Small rho GTPases regulate antigen presentation in dendritic cells

Dendritic cells (DC) are involved in the regulation of innate and adaptive immunity. However, the molecular mechanisms maintaining DC function remain to be elucidated. In this study, we report on the role of small Rho GTPases: Cdc42, Rac1, and RhoA in the regulation of DC adherence, Ag presentation, migration, chemotaxis, and endocytosis. Murine DC were transfected with vaccinia virus-based constructs, encoding dominant-negative or constitutively active (ca) mutant forms of Rho GTPases. We demonstrate that Cdc42 plays a major role in the regulation of DC adhesion, because caCdc42-transfected DC had significant up-regulation of adhesion to extracellular matrix, which was blocked by the Rho GTPase inhibitor toxin B (ToxB).
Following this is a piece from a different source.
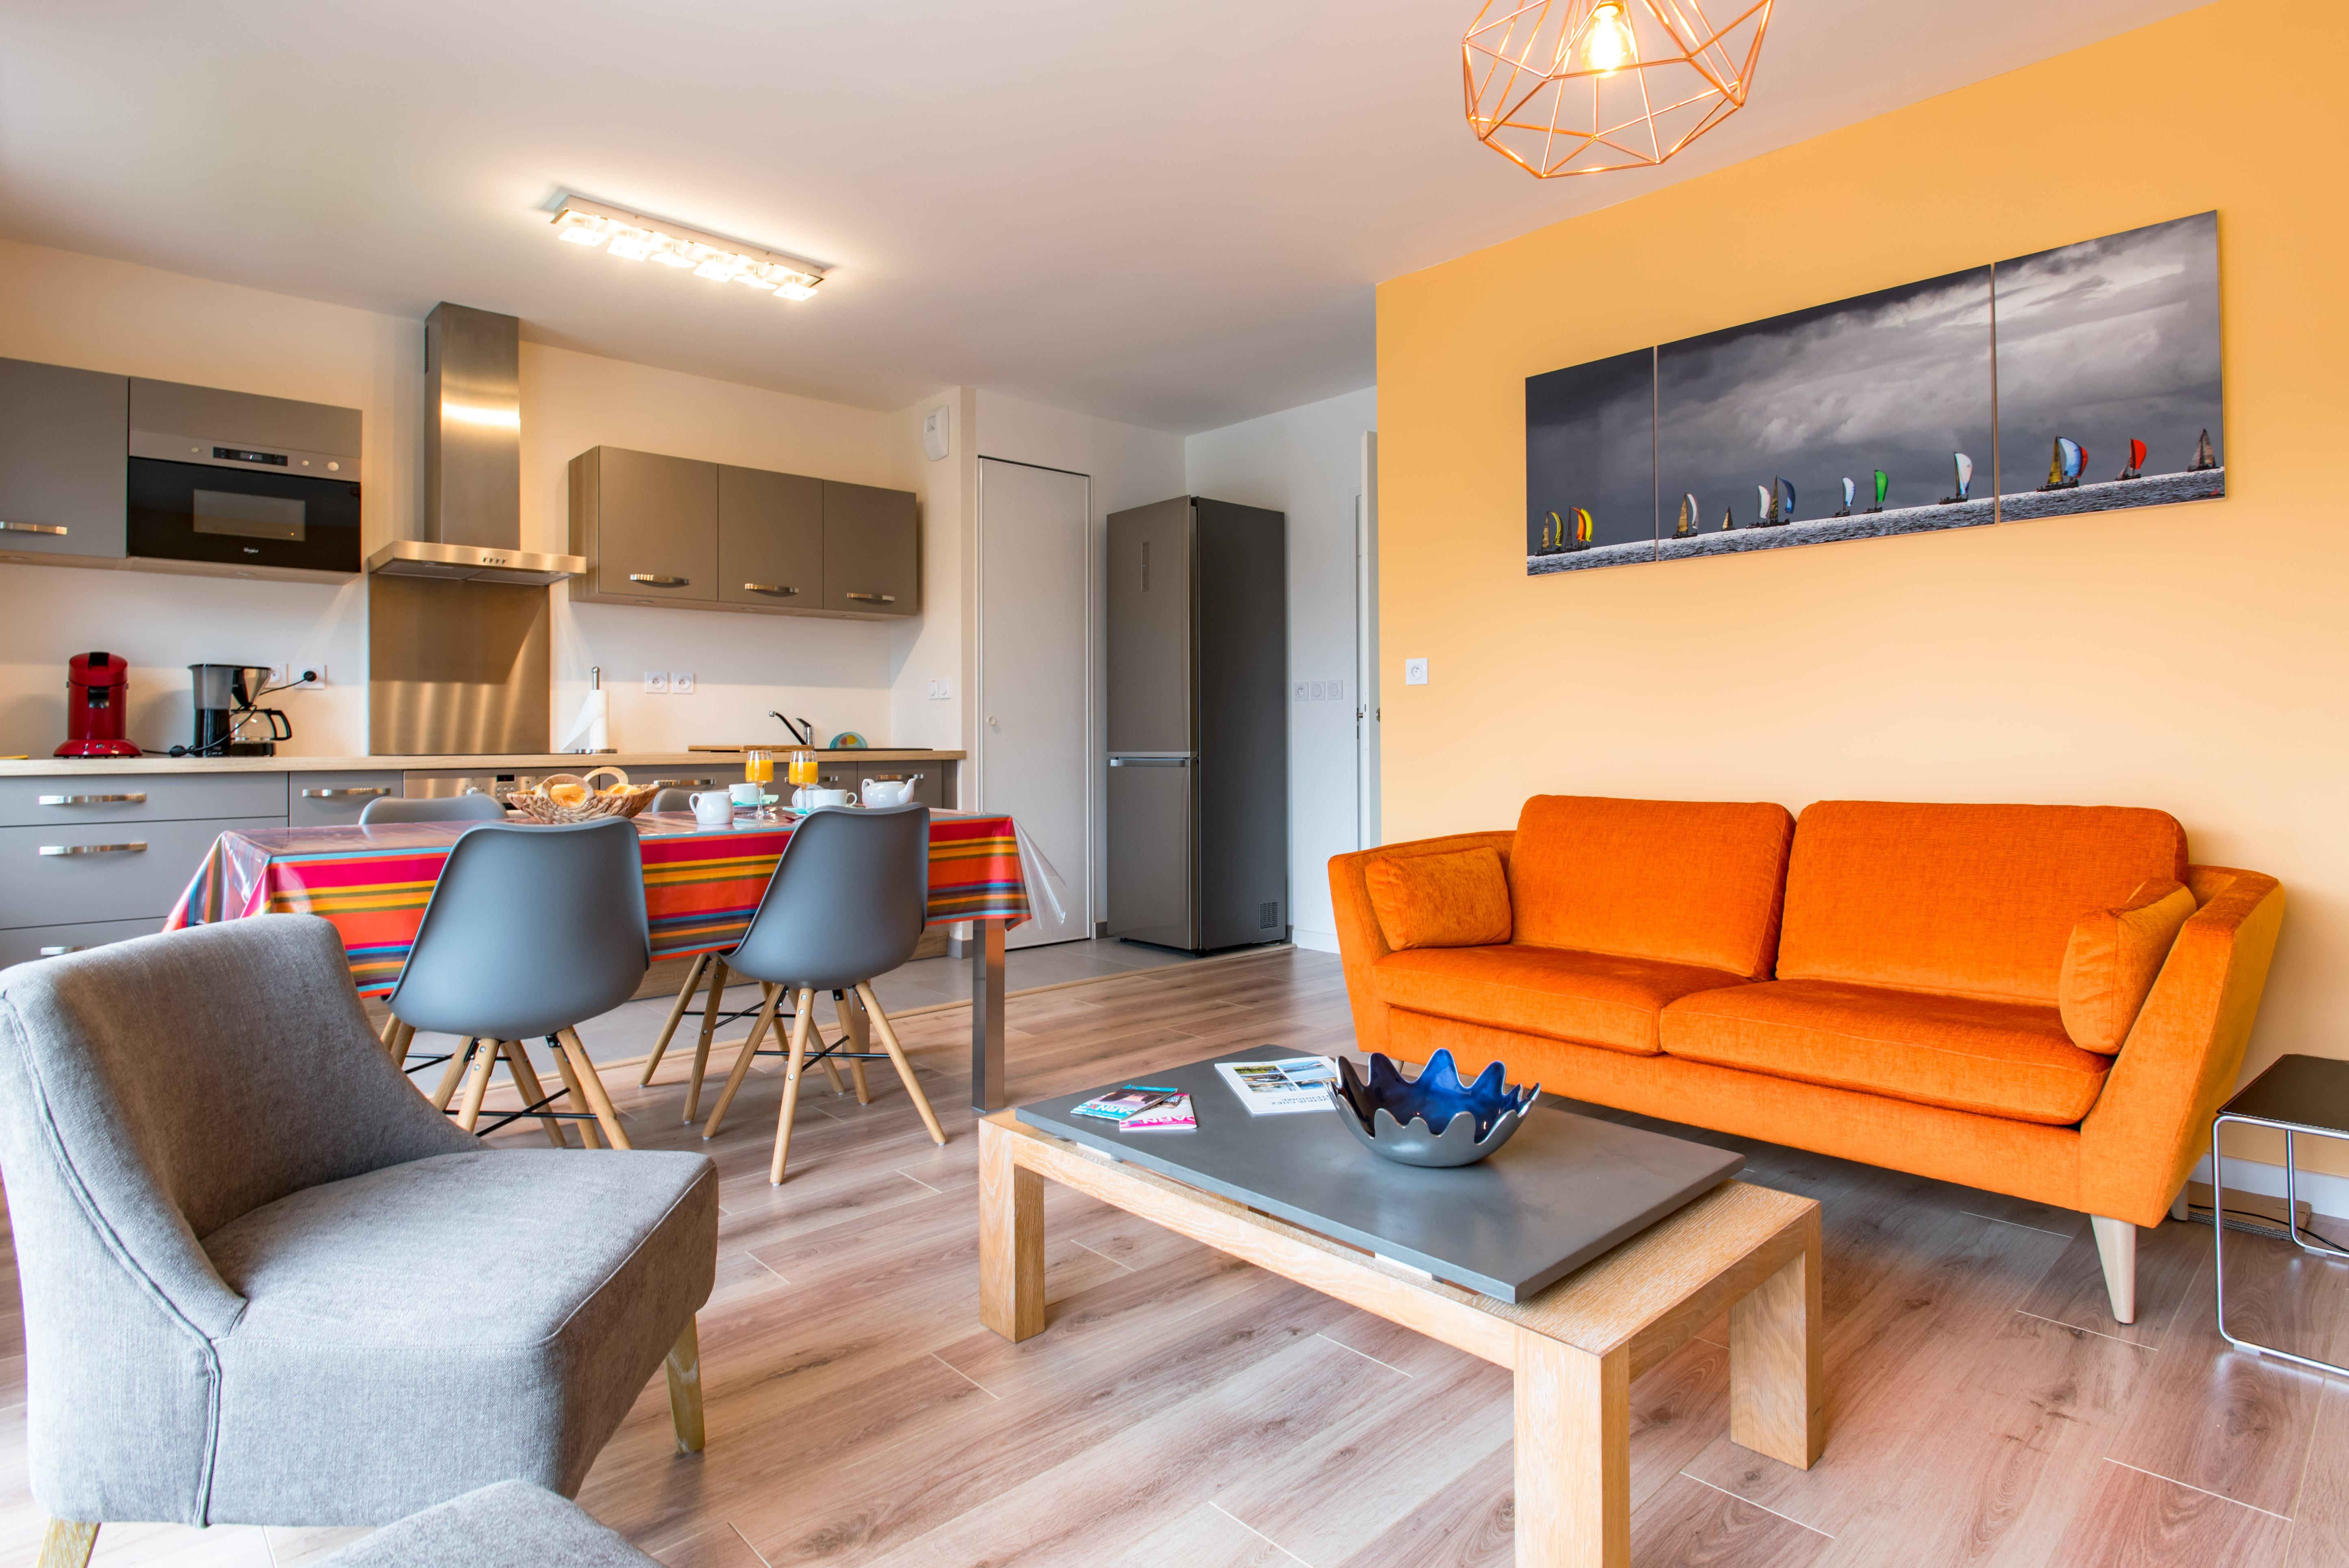 bettdecken migros chefdeals bettw sche schlafzimmer voglauer kopfkissen 60x70 klein wo kann man. Black Bedroom Furniture Sets. Home Design Ideas

In contrast, caRho-transfected DC only modestly elevated DC adhesion, and caRac had no effect. Additionally, caCdc42 and caRho increased the ability of DC to present OVA peptide to specific T cells. This effect was abrogated by ToxB. Activation of Cdc42 in DC significantly inhibited spontaneous and chemokine-induced DC migration. Furthermore, uptake of dextran 40 by DC was significantly enhanced by Rho GTPase activators cytotoxic necrotizing factor 1 and PMA, and reduced by ToxB. caCdc42 also increased endocytotic activity of DC, whereas dominant-negative Cdc42 blocked it. Thus, Rho GTPases Cdc42, RhoA, and Rac1 regulate DC functions that are critical for DC-mediated immune responses in vivo.